Martes, 09 de Septiembre de 2008
 Desde sus puestos directivos, los protagonistas de Feedback Today nos aportan sus experiencias en el campo que más dominan, pero no todos tienen que estar necesariamente en activo. La experiencia sigue siendo un grado, incluso en una sociedad como la nuestra que sólo valora la juventud. Y hoy hablamos con alguien que tiene mucha: Tomàs Mallol. En los circuitos cinéfilos, su figura es reverenciada como uno de los mayores coleccionistas de cine en nuestro país. Pero al margen de esta afición, Mallol resulta todo un “personaje” cuyo bagaje vital podría ser enseñado en las facultades.
 “Siempre me ha gustado observar a la gente, porque nos ayuda a comprender cómo somos y qué hacemos. Creo que en este sentido, la profesión de taxista es una de las que mejor se puede ver el comportamiento humano”

“En el coleccionismo y en cualquier aspecto de la venta, tener la información es esencial. Uno debe saber aquello que compra, para tener cierta ventaja y saber que es lo importante y qué es lo secundario”

“Las relaciones con los vendedores deben ser fluidas, no basadas estrictamente en el comercio. Debe haber algo más. Creo que este axioma es aplicable a muchos otros aspectos de la empresa” 
 Hablemos de su vida. Usted se aficionó al cine cuando era pequeño.

Sí, tenía diez años cuando empecé a construir el primer proyector, e hice cuatro en total.

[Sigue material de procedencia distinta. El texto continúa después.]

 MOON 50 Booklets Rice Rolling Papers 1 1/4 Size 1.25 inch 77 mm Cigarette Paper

Aunque soy ingeniero, he trabajado en diversas profesiones, entre ellas, he tenido un taller mecánico, he sido taxista, he trabajado en cine, en fotografía publicitaria, en muchas cosas. Y siempre he sido independiente. Y creo que también muy curioso. Esta es una de las cosas que nunca deberíamos perder. La de la curiosidad.  

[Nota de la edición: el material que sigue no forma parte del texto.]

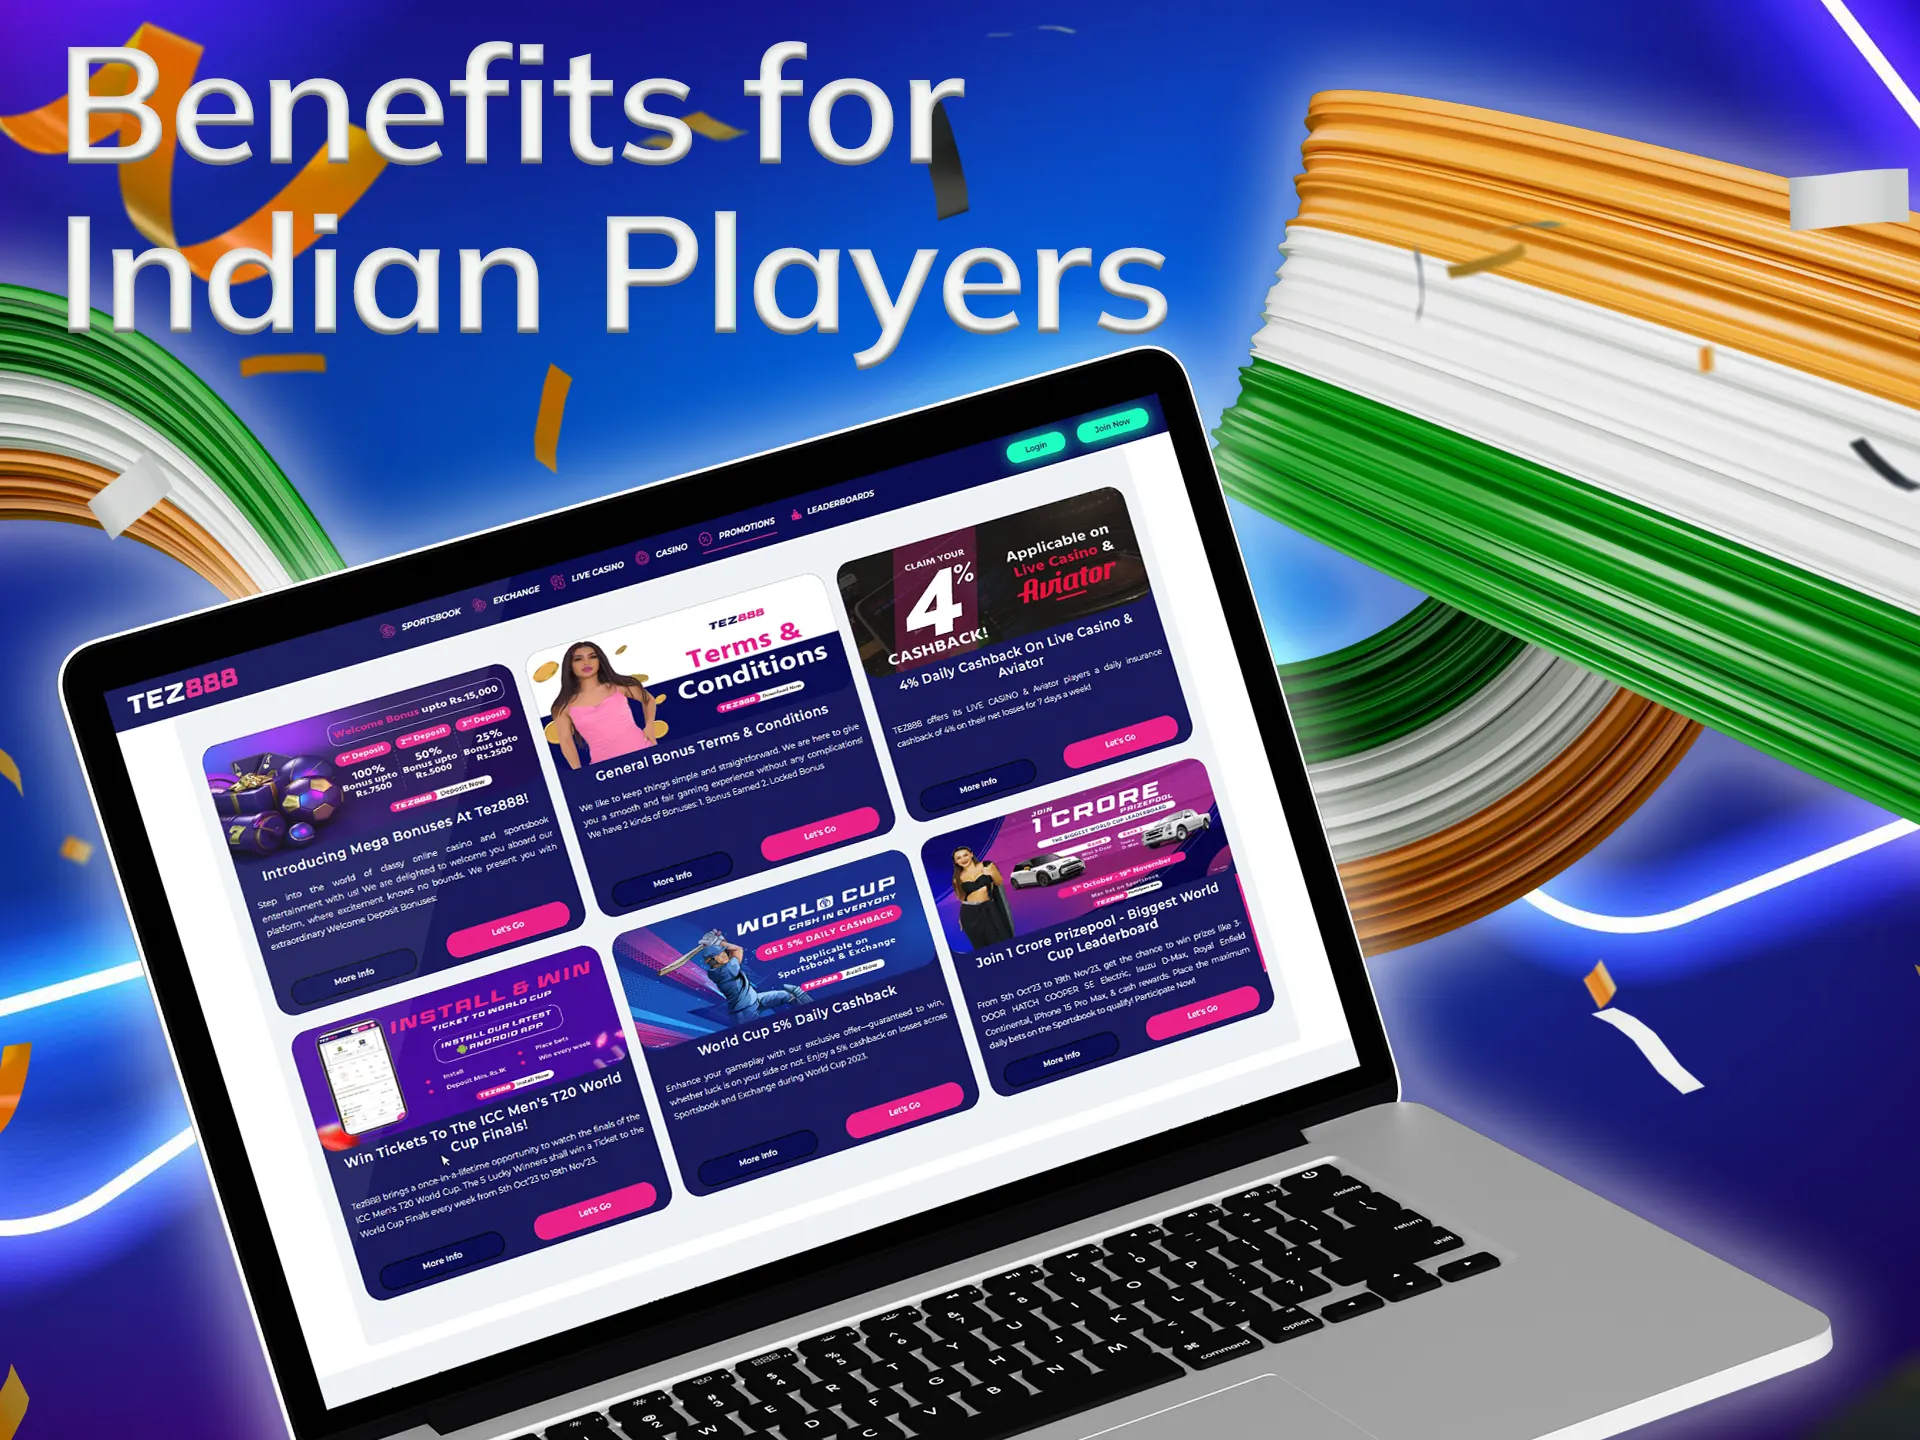 The tez888 betting platform offers a lot of benefits for Indian players.

He leído en algún sitio que por eso se hizo taxista.
Siempre me ha gustado observar y escuchar a la gente, porque nos ayuda a comprender cómo somos y qué hacemos. Creo que en este sentido, la profesión de taxista es una en las que mejor se puede ver el comportamiento humano. De hecho, una de las películas que mayor proyección tuvieron en su momento fue una que trataba este tema. 

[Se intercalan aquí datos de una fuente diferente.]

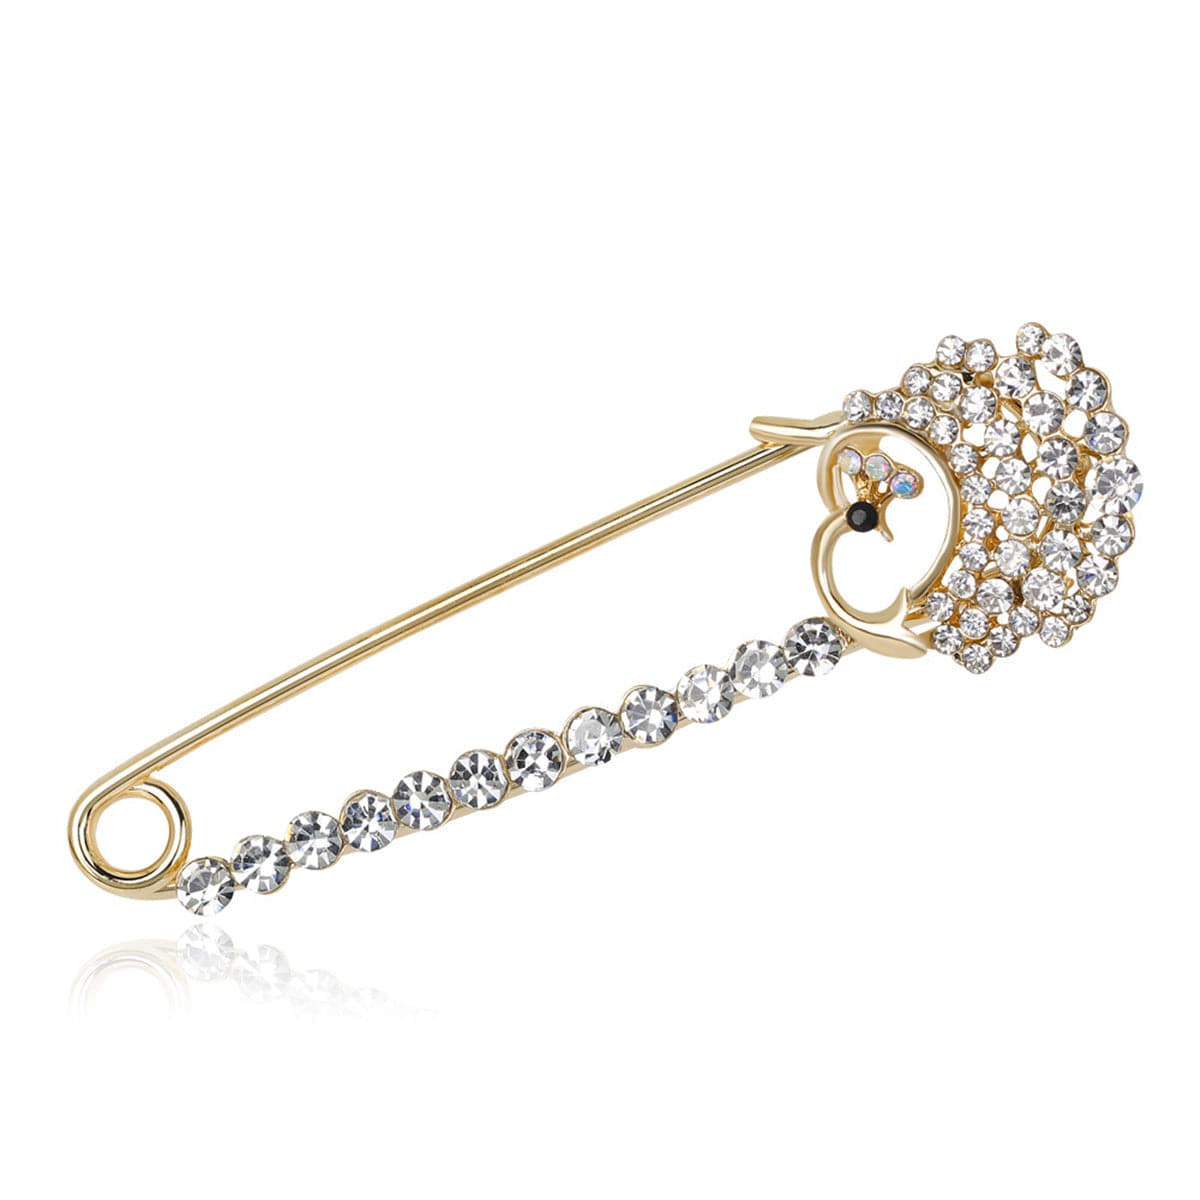 Cubic Zirconia & 18K Gold-Plated Pin Brooch

“Diálogos con el taxímetro”. 
Sí, representó a España en la UNICA, la Unión Internacional de Cine Amateur. Pero lo importante es que reflejé en ella aquellas pequeñas situaciones cotidianas que nos pasan desapercibidas, pero que nos revelan mucho de nosotros mismos. Una carrera de taxi, implica, como en toda venta, tener don de gentes y cierta facilidad de palabra. 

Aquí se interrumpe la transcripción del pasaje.